Taxes When Purchasing Property
When purchasing rental property in Japan as an individual, four main taxes apply:
Real Estate Acquisition Tax(不動產取得稅) and Registration and License Tax(登錄免許税)
Both taxes are calculated based on the government-assessed fixed asset value. The Real Estate Acquisition Tax rate currently ranges from 3% to 4%, while the Registration and License Tax rate is 1.5% to 2%.
Stamp Duty(印花稅)
If the purchase agreement is registered in paper form, a stamp duty (similar to Taiwan’s stamp tax) applies. The tax amount depends on the contract value. For example, a property worth 150 million yen incurs a stamp duty of 100,000 yen.
Consumption Tax(消費稅)
Consumption tax applies only to the building value, not including the land portion. The current consumption tax rate in Japan is 10%.
Taxes When Renting Out Property
During the period of property ownership and rental, landlords are responsible for both local taxes(地方稅) and national taxes(國稅).
Local taxes contains two parts: Fixed Asset Tax(固定資產稅) and City Planning Tax(都市計畫稅)
These are calculated based on the property’s assessed value and vary by location. In Tokyo, for example, the Fixed Asset Tax rate is 1.4%, while the City Planning Tax rate is 0.3%. These taxes are similar to Taiwan’s Housing Tax(房屋稅) and Land Value Tax(地價稅) and must be paid to the local government. If a landlord does not live in Japan for long-term, they must appoint a Japanese tax representative to receive tax bills and handle tax payments.
National Tax: Income tax (所得稅) on rental income
Rental income is subject to income tax, which is a national tax. In Japan, rental income must be calculated using an itemized deduction method to determine taxable net income.
Deductible expenses include:
Depreciation
Property taxes
Property insurance fees
Mortgage interest payments
Property management fees
Repair costs
Japan's income tax rates range from 5% to 45%. In practice, rental income for Taiwanese landlords is subject to a withholding tax of approximately 20.85%. When filing income tax the following year, landlords can deduct the previously paid withholding tax from the total income tax due and pay the remaining balance.
Additionally, if the rental property is used for commercial purposes(e.g., offices, retail stores, paid parking lots, etc.), tenants are required to pay consumption tax. The landlord must then report and remit the collected consumption tax to the Japanese tax office.
Since Japan's new consumption tax registration system came into effect in October 2023, there are updated regulations regarding tax reporting for landlords and tax deductions for tenants. Taiwanese landlords should consult an accountant for the latest requirements.

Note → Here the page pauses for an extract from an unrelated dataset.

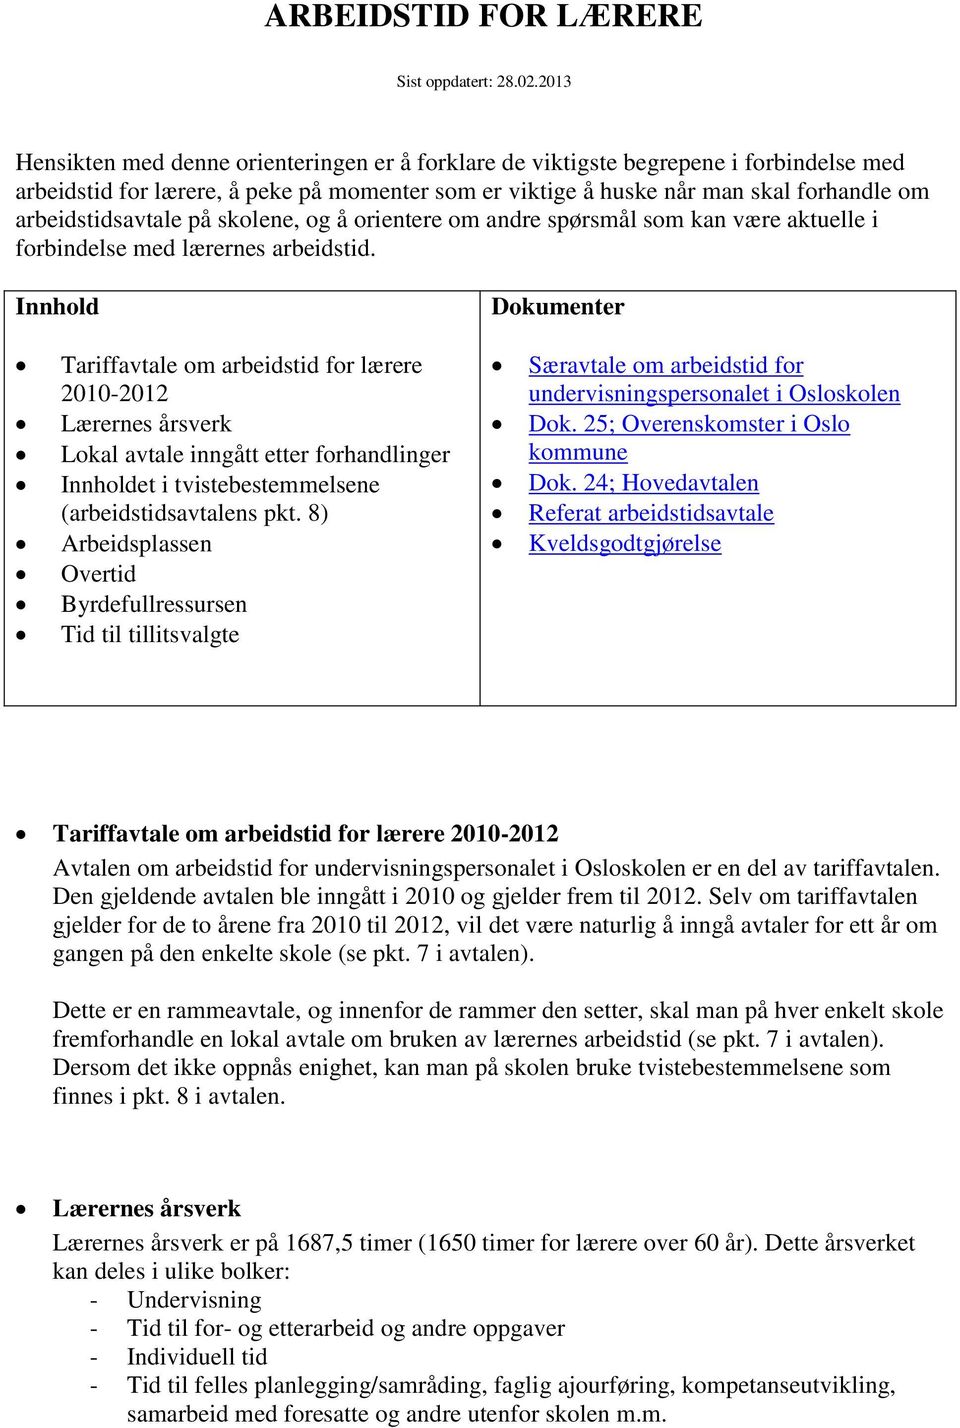 ARBEIDSTID FOR LÆRERE - PDF Free Download

Taxes When Selling Property
If a property is sold at a profit, capital gains tax applies. The tax rate depends on the holding period:
Long-term ownership (more than 5 years):15.315%
Short-term ownership (5 years or less):30.63%
The holding period is determined based on whether the property has been owned for more than five years. Properties held for five years or less are taxed at a higher short-term rate, while those owned for more than five years qualify for the lower long-term rate.
Similar to rental income, capital gains tax is subject to withholding tax at the time of sale. When filing the following year, landlords can deduct the previously withheld tax from their total tax liability and pay any remaining balance.

Becoming a landlord in Japan involves more than just calculating rental income—it also requires understanding various tax obligations. To ensure compliance, investors are advised to consult a professional accountant for guidance on the latest tax regulations.